Friday, June 22, 2012

Waiting for October

So amongst working, going to school full-time, and spending my summer as a camp counselor, I am planning a wedding!  I feel like Justin and I have been trying to get to this point for a long time.  Despite talking about marriage early on in our relationship, we were together for three years before we got engaged.  We met my sophomore year of college at a Bible study and I tell him to this day that I knew he was the one the moment I laid eyes on him.  I knew he was the one God had set aside just for me.

I will always cherish the college years that Justin and I spent together.  Our journey has been filled with so much!  Together, I think we have changed our majors six times -- Justin finally decided on psychology and I switched from pre-med to English literature and creative writing after three years.  We spent many nights walking the IU South Bend campus, laughing and sitting by the fountain on campus and talking about our lives and getting to know one another.  We've journeyed through illness together as Justin had five surgeries at the same time my junior year of college.  We've truly learned what it means to love and I thank God everyday for what we have.

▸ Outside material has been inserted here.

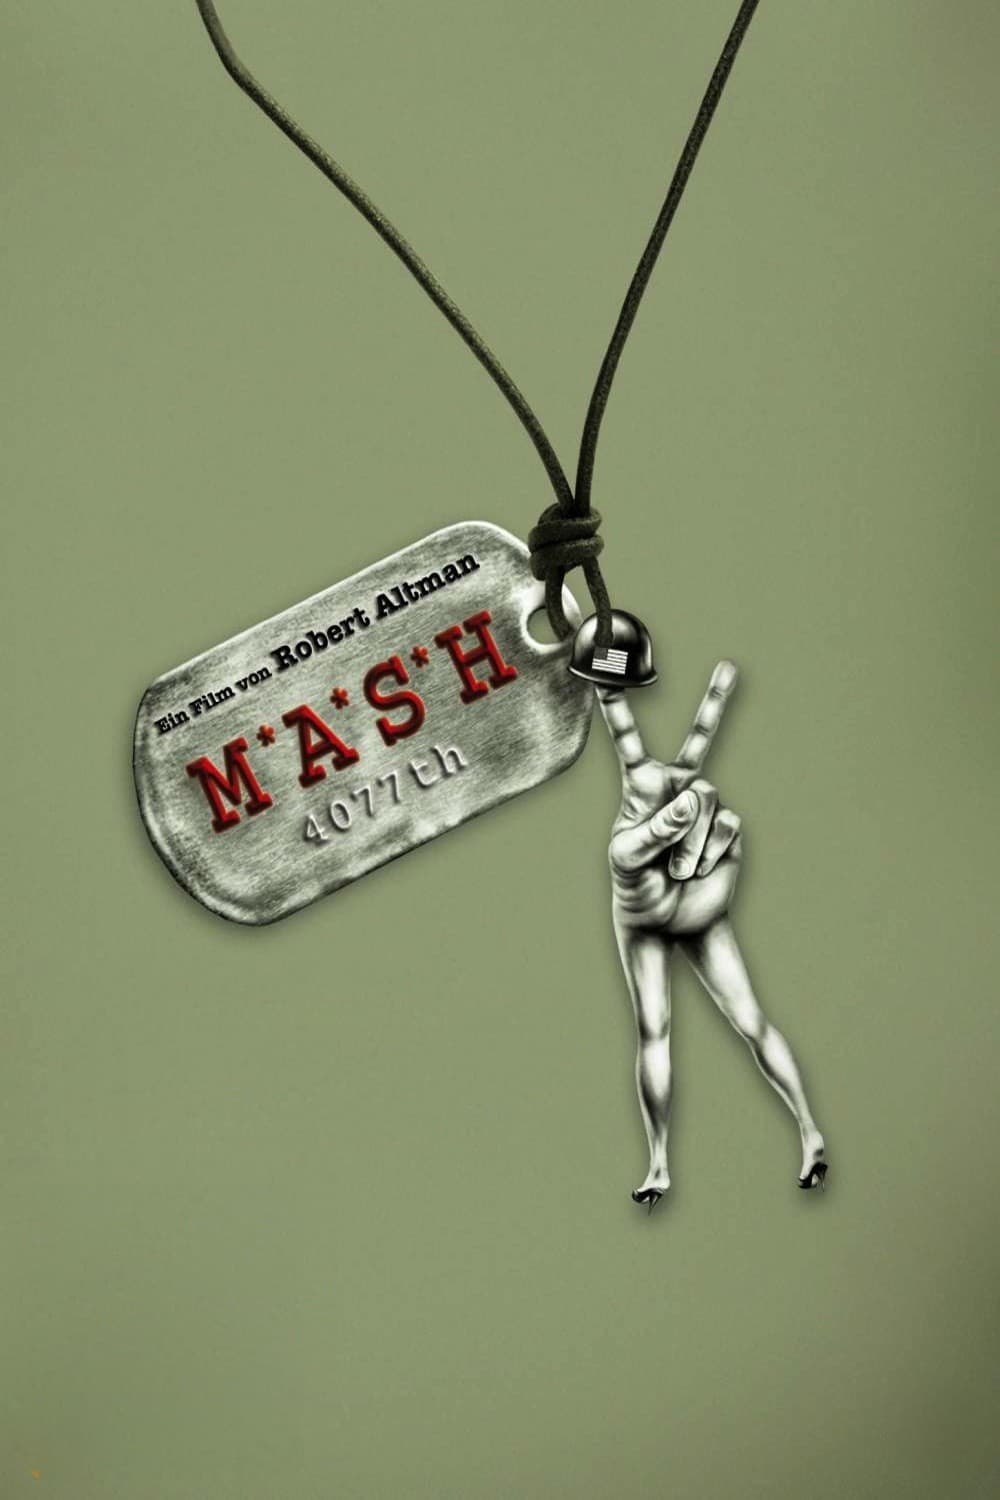 Plakat von "M.A.S.H."

So here we are -- we've been engaged for 10 months and our wedding is now 4 months away.  When we got engaged last August, I thought our wedding seemed like it was a long way off, and now it's almost here.  When I look at Justin and when I think about how long we've waited for our wedding day, I can't help but get those same butterflies in my stomach that I got when I first saw him at that Bible study four years ago.  I am so proud to call him my fiance and my soon-to-be husband. 

My dad was very sick toward the end of last year and the beginning of this year, and I never would have made it through without Justin.  He stepped up beyond my expectations and drove me the two hours to the hospital almost everyday.  He would stay up late into the night, laughing with me and my brothers until we forgot everything that was going on around us and get up early the next morning to go to school and work.  I have never seen someone have such love.  I am so grateful for everything he has been for my family this year. 


So as our wedding day approaches, I'm trying to focus less on all of the stressful planning and more on what this means for Justin and I.  He is the love of my life and it seems like we have waited so long for this!  I can't wait until the moment I become Justin's wife and we can spend the rest of our lives together as Mr. and Mrs. Samson.